Tuesday, 5 December 2017

The reason why we board planes from the left-hand side



It feels automatic. Go to the airport, board the plane. It may never have occurred to you that you always board from the left hand side.
And there's a reason for that. Experts say it might even date back centuries to traditional nautical custom.
"Early airports were set up so that aircraft could taxi in front of the terminal and stop to discharge passengers," wrote a former US air force pilot on Quora. "It was useful for the pilot to be able to judge wing clearance from the terminal building and to put the aircraft door in front of the terminal doors. Some early transports had right-side doors into the passenger cabin, but the logic of the pilot's field of view prevailed. 
"At some airports, stairs may be placed at forward and/or aft doors, but to avoid passengers wandering around a busy parking ramp, the loading/unloading is always on the same (almost always the aircraft's left) side.
"Also for safety reasons, passenger movement is kept on one side while fuelling is carried out on the other.

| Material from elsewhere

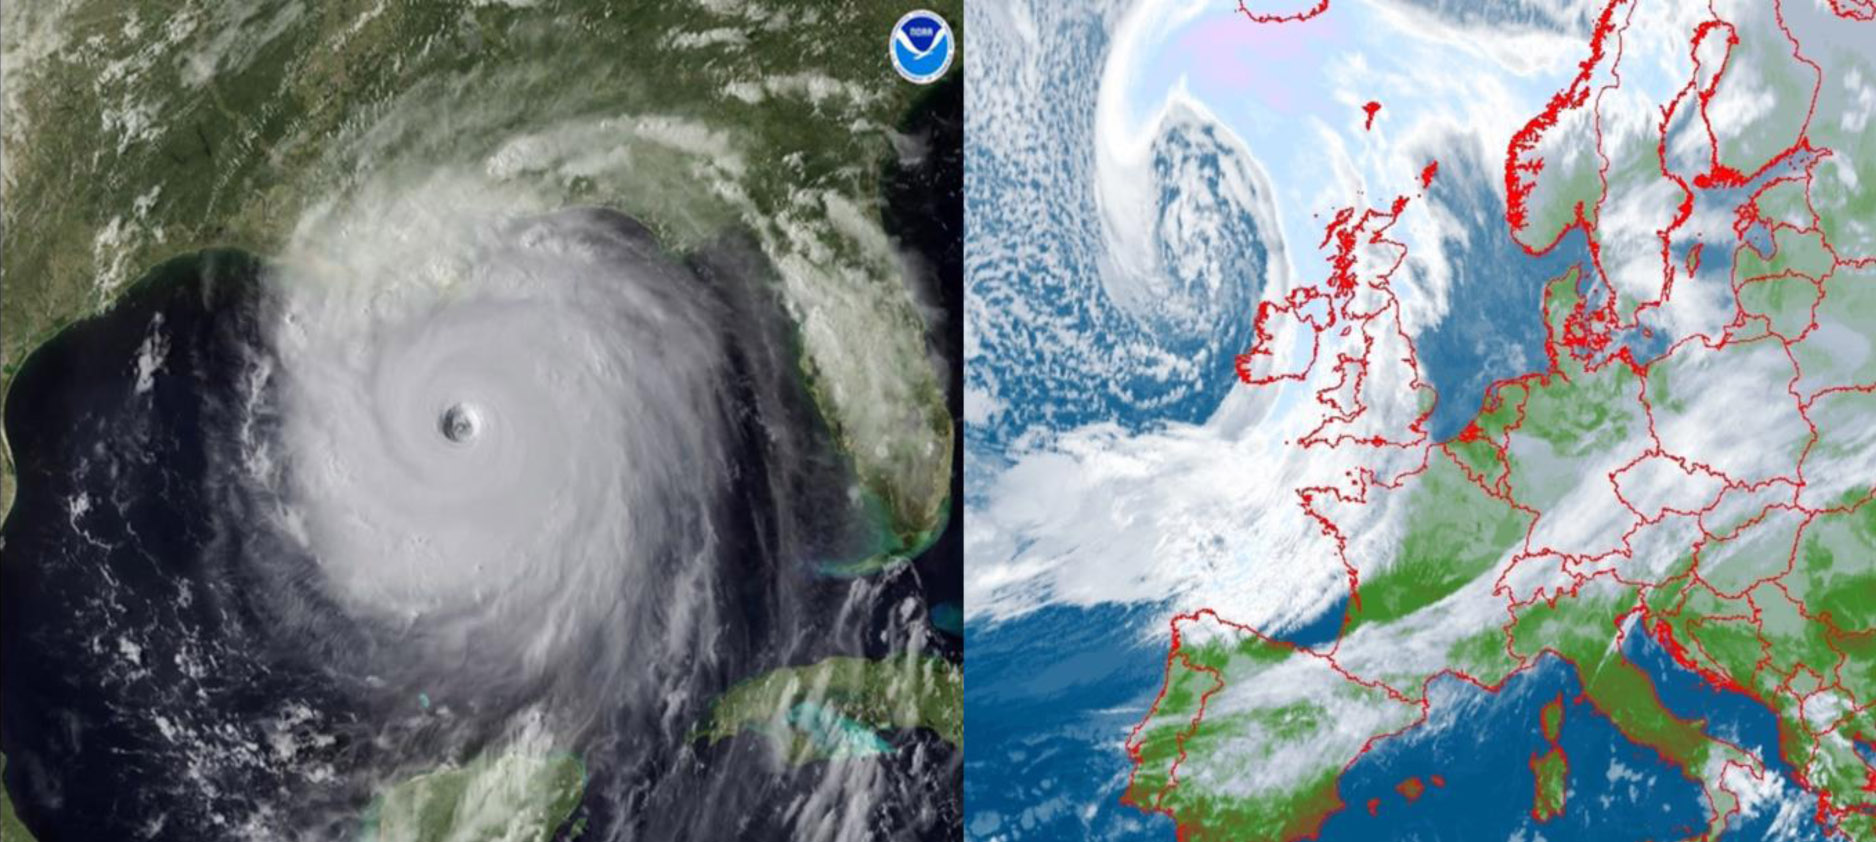 Obrazy satelitarne: huraganu (po lewej; źródło NOAA) i aktywnego niżu z układem frontów atmosferycznych z ośrodkiem w rejonie Wysp Brytyjskich (po prawej; źródło METEOSAT).

It is also useful to unload/load baggage and cargo on the opposite side from passenger movement and the loading bridge or stairs."
However, Andrew Stagg, calling himself a commercial pilot on the site, had a different take.
"I believe the reasoning goes back to ships, which have a port (left) and starboard (right) side. The port side was the one you would embark and disembark from, so most airplane and jetway designers followed the same convention.
"While most larger transport category aircraft have two front and two rear exits, the placement of catering trucks and baggage loading equipment on the right, makes using the right doors impractical."
Adrian Young, senior aviation consultant at To70, told The Independent: "The vast majority of modern aeroplanes board/deplane on the left hand side and are serviced on the right hand side.
"This is something that has developed over the years. Some people point to the fact that on [ocean] liners passengers left from the port side. Until the 1960s, prior to the construction of jet bridges, aeroplanes would often park with close to and parallel to the terminal.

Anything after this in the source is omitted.